Google probably compares the engagement time against other pages of similar type, length and topic, for example. We know it has strongly considered using user click data in this way. It filed (and was granted), a patent called method and apparatus for classifying documents based on user inputs. It is likely Google only uses this data heavily in combination with other signals as user click data as a quality signal, is highly susceptible to manipulation. Hence it’s historically being such a minor part of search engine algorithms. Google could give a percentage likelihood of a page containing low value content, and then any page that exceeds a certain percentage threshold might be analysed in terms of its user click data. This keeps such data as confirmation of low quality only, rather than a signal of quality (high or low) in its own right. So it cannot be abused by webmasters eager to unleash smart automatic link clicking bots on the Google SERPs.
How might Google arrive at this "low value content" score in the first place?

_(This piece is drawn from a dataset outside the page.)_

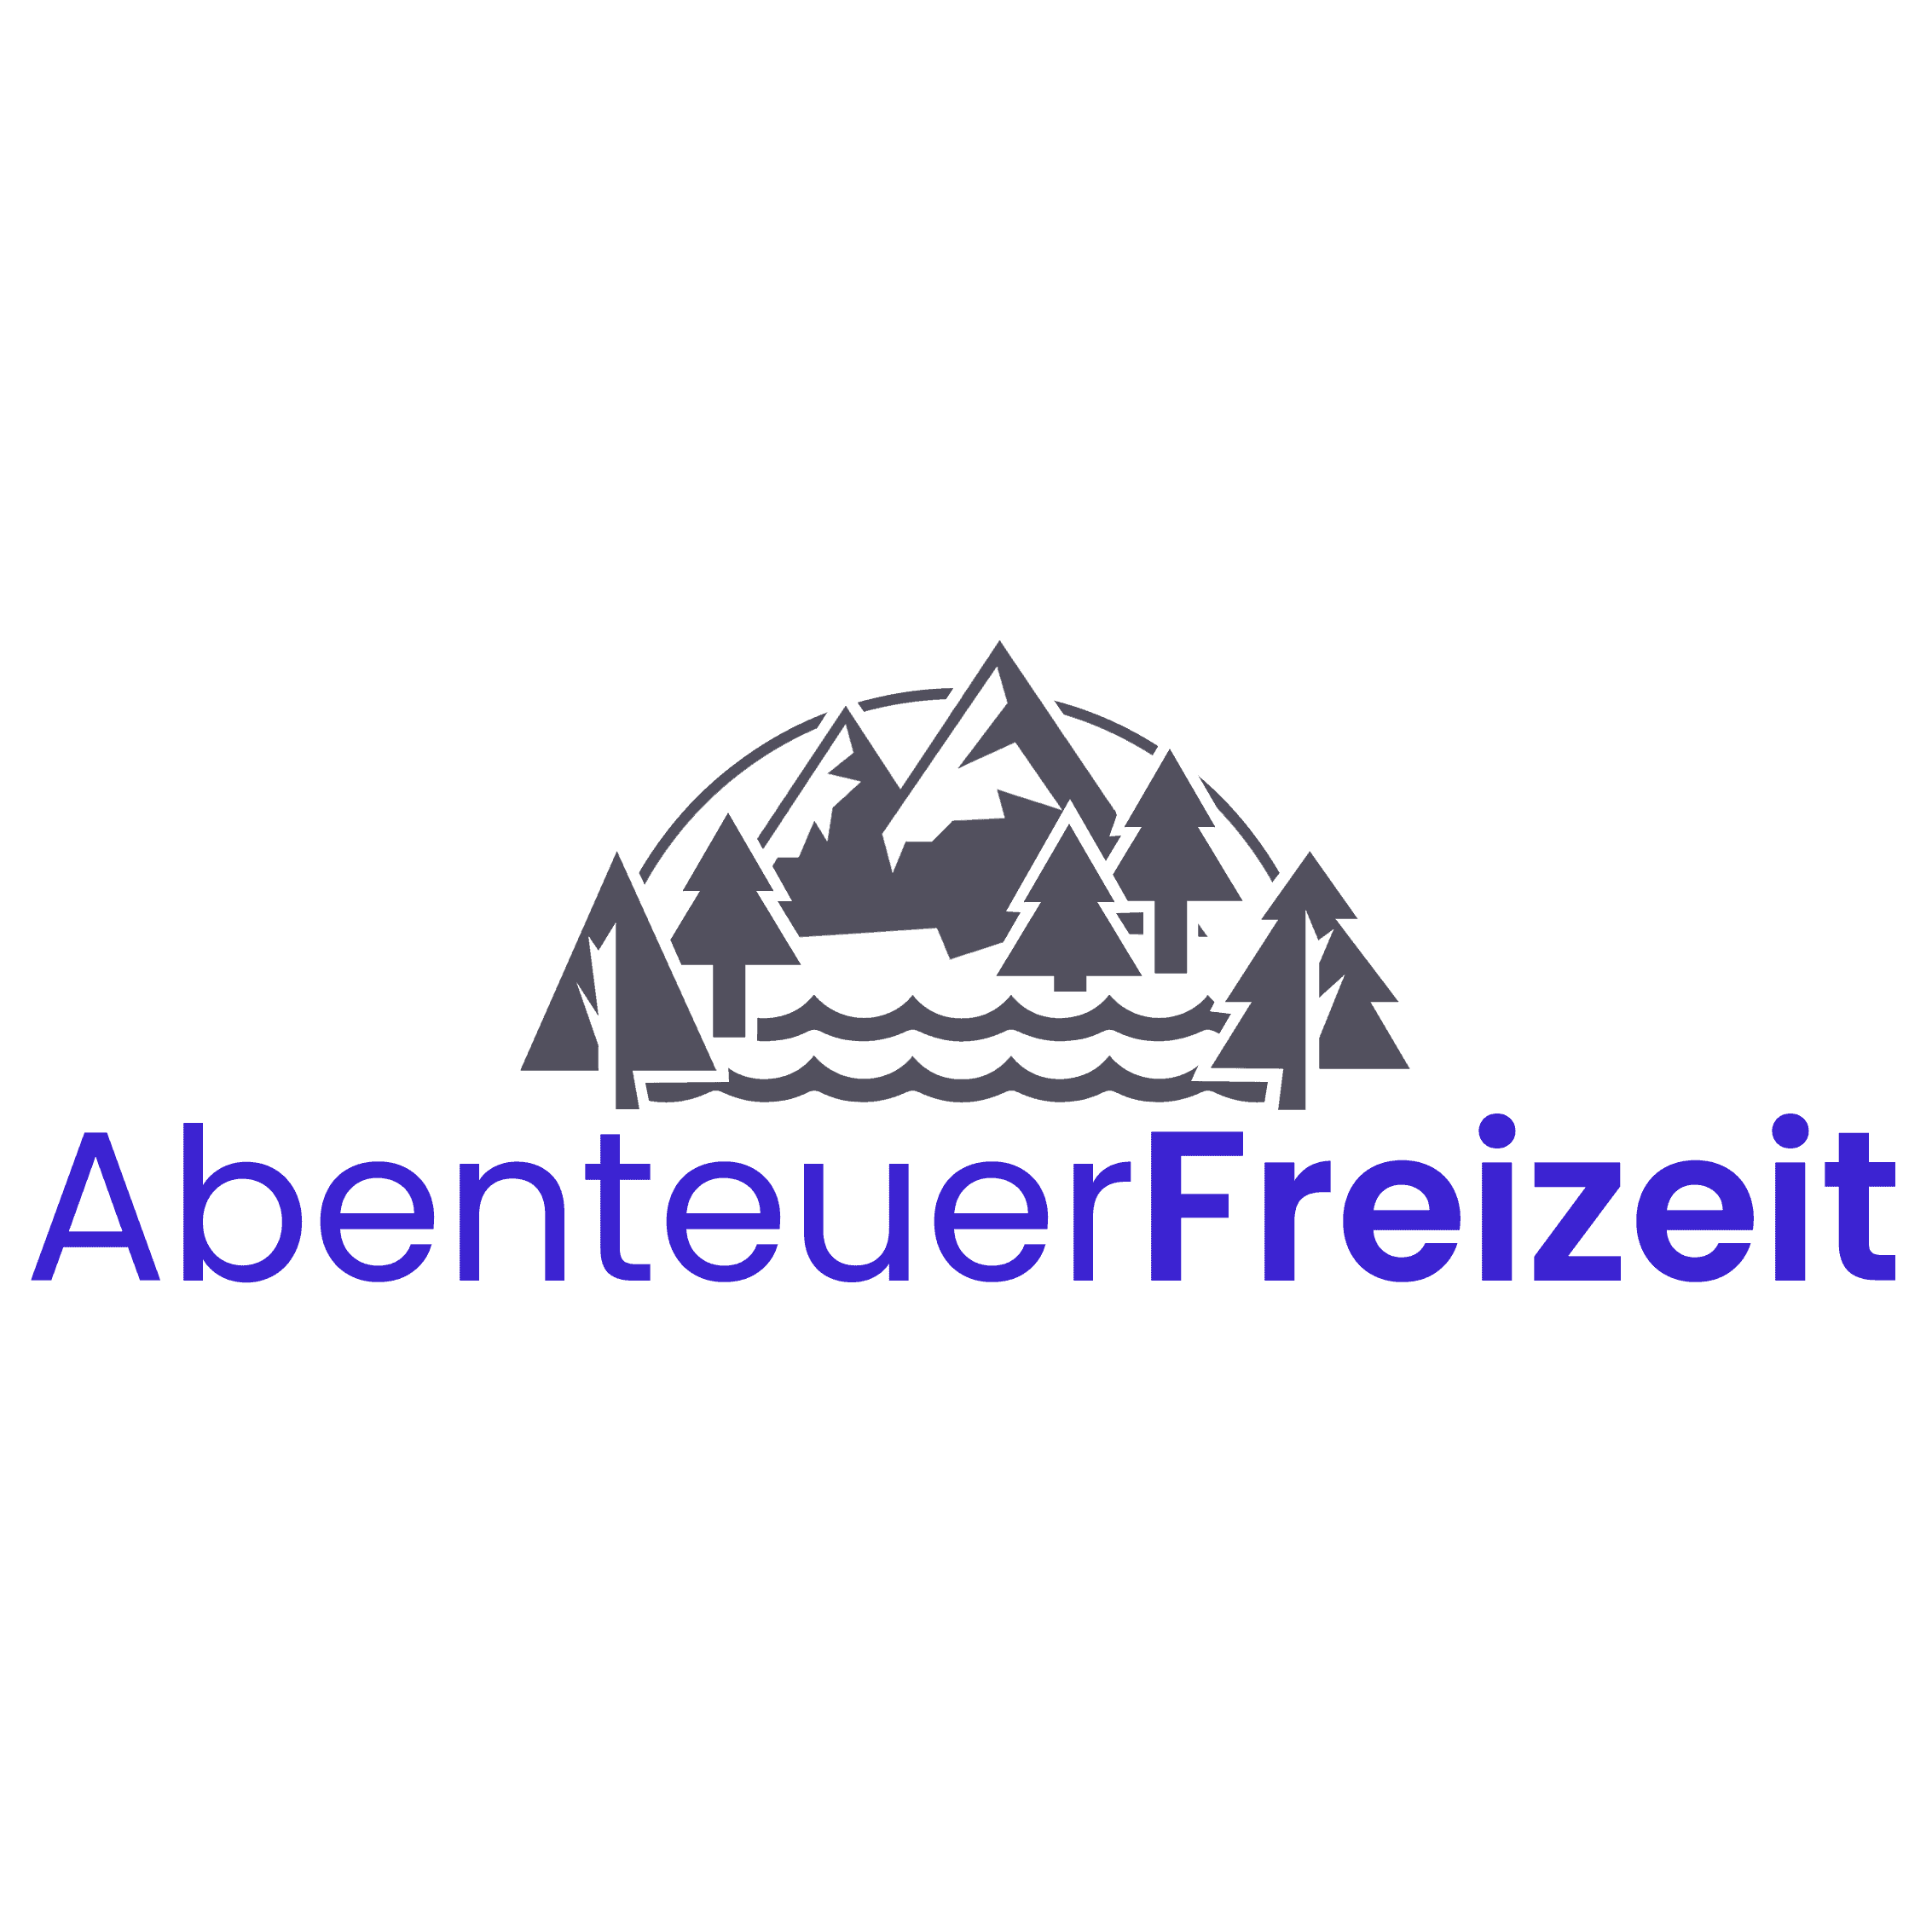 AbenteuerFreizeit - Aktivitäten, Ausflugsziele & Reisen Logo

A "document level classifier" (which Google announced a redesign to in a blog post late January), is the part of the search engine that decides such things as what language a document is written in and what type of document it is (blog post, news, research paper, patent, recipe etc.). It could also be used to determine whether a document is spam, or contains low value content. For example, it might look for content with excessive repetition of a particular key word and lacking in semantic variation unlike a naturally written document, content with little supporting video and/or images, content containing keywords but few proper sentences (indicating it could be machine generated) or newly created content too closely aligned with keywords regularly searched for (a hallmark of content farms).
It is possible the first algorithm update of the year i.e. in January, was the roll out of the document level classifier, and Panda added the additional layer of user click data. Or, the new classifier may only have been "soft launched" on a few data centres or for internal testing, before being rolled out alongside the user click data component.
Google's "Personal Blocklist" Chrome Extension to help validate quality content
Some in the industry are nervous of Google making qualitative judgements about content quality. There is a way for Google to validate what its algorithm believes are low quality content sites against real user feedback - the Personal Blocklist for its browser, Google Chrome. Launched in mid-February, the extension lets Chrome users block specific sites from appearing in their search results on Google, and passes back information about what sites are being blocked to Google. However, Google claims that the Personal Blocklist has no algorithmic impact on rankings (yet).
This is credible as not enough time has as yet elapsed to properly analyse and build the data into the algorithm. However, I would not completely rule out the use of this data in the future and in a similar capacity to click data – a second or third line validation of assumptions Google has already made about quality in other ways. Indeed, Google itself has pointed out it has compared the sites affected by Panda to the sites people are blocking with Personal Blocklist saying “we were very pleased that the preferences our users expressed by using the extension are well represented."